Тем не менее они барахтались, что-то делали. Даже избавлялись от радиации, несмотря на то, что наверняка скоро умрут. Баллончика хватило даже Пуно и Хану. Умные парни догадались, как можно с толком использовать последние граммы вещества: высушив тело, а потом бережно растерев несколько капель по коже. Счетчик Гейгера показал у всех стандартную для этих мест радиацию, на уровне центра Припяти тысячелетней давности, но уже далеко не такую смертельную, как у реки.
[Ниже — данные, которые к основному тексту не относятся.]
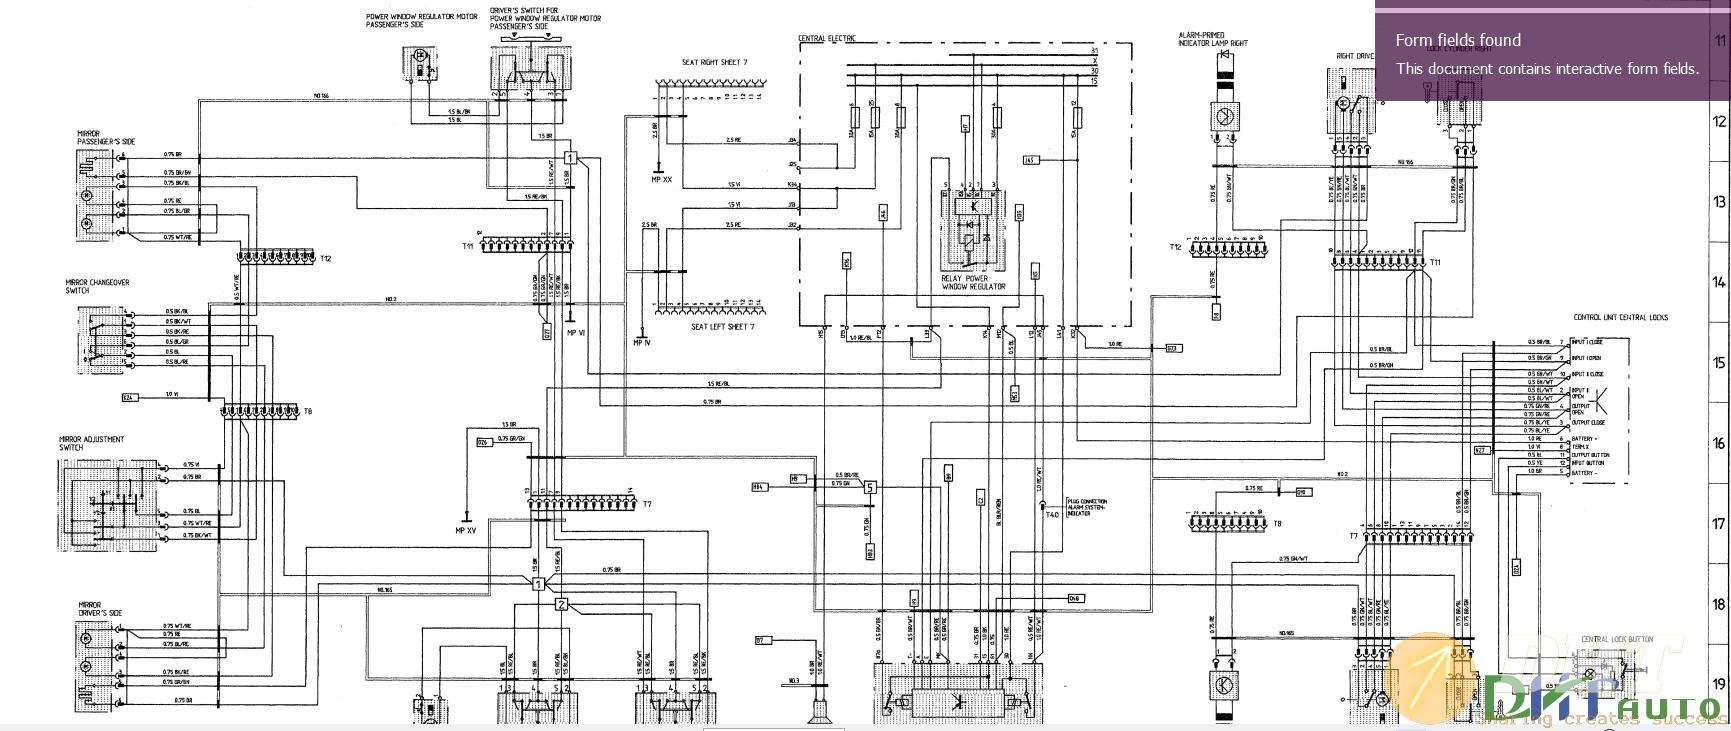 Porsche-911-Carrena-4-Workshop-Manual-Volume-7-3.png

Отряд двинулся в путь тем же хорошо зарекомендовавшим себя строем — связанные цепью инки под присмотром едущих сзади морпехов. Первой шла лошадь с Пуно и Ханом. Хитрый Куско справедливо предположил, что самое опасное место именно на острие каравана. Будучи расчетливым человеком, он не желал лично им ничего плохого, просто ненавидел всех, кто не следует его линии, не преклоняется перед его властью и силой. Вместе с Лимой он ехал на шестой лошади, чтобы держаться возле своих господ. Таким образом Пуно и Лима оказались на разных концах цепи. Теперь их действительно связывала неразрывная сила, но это внешнее ее проявление не шло ни в какое сравнение с невидимой духовной связью, которую ничем невозможно обрубить. Цепь тянулась через оковы, как нить через игольные ушки, поэтому восемь инков не были непосредственно связаны с ней. Крепилась она только на первом и последнем члене отряда, так что Пуно и Лима в прямом смысле чувствовали друг друга. Незаметно для остальных они натягивали цепь то в одну, то в другую сторону, будто играя у всех на виду в невидимую игру. Для Пуно это был апогей его жизни, а для Лимы забавное развлечение, но каждый такой мимолетный контакт делал их ближе, ведь если внимание парня не раздражает девушку, то оно ее привлекает, и третьего не дано. Две крайности правят миром. По меньшей мере так прописано в сценарии жизни, и в отличие от профессиональных актеров театра и кино, этим инкам даже не надо заучивать роль — они по факту своего существования знают ее назубок.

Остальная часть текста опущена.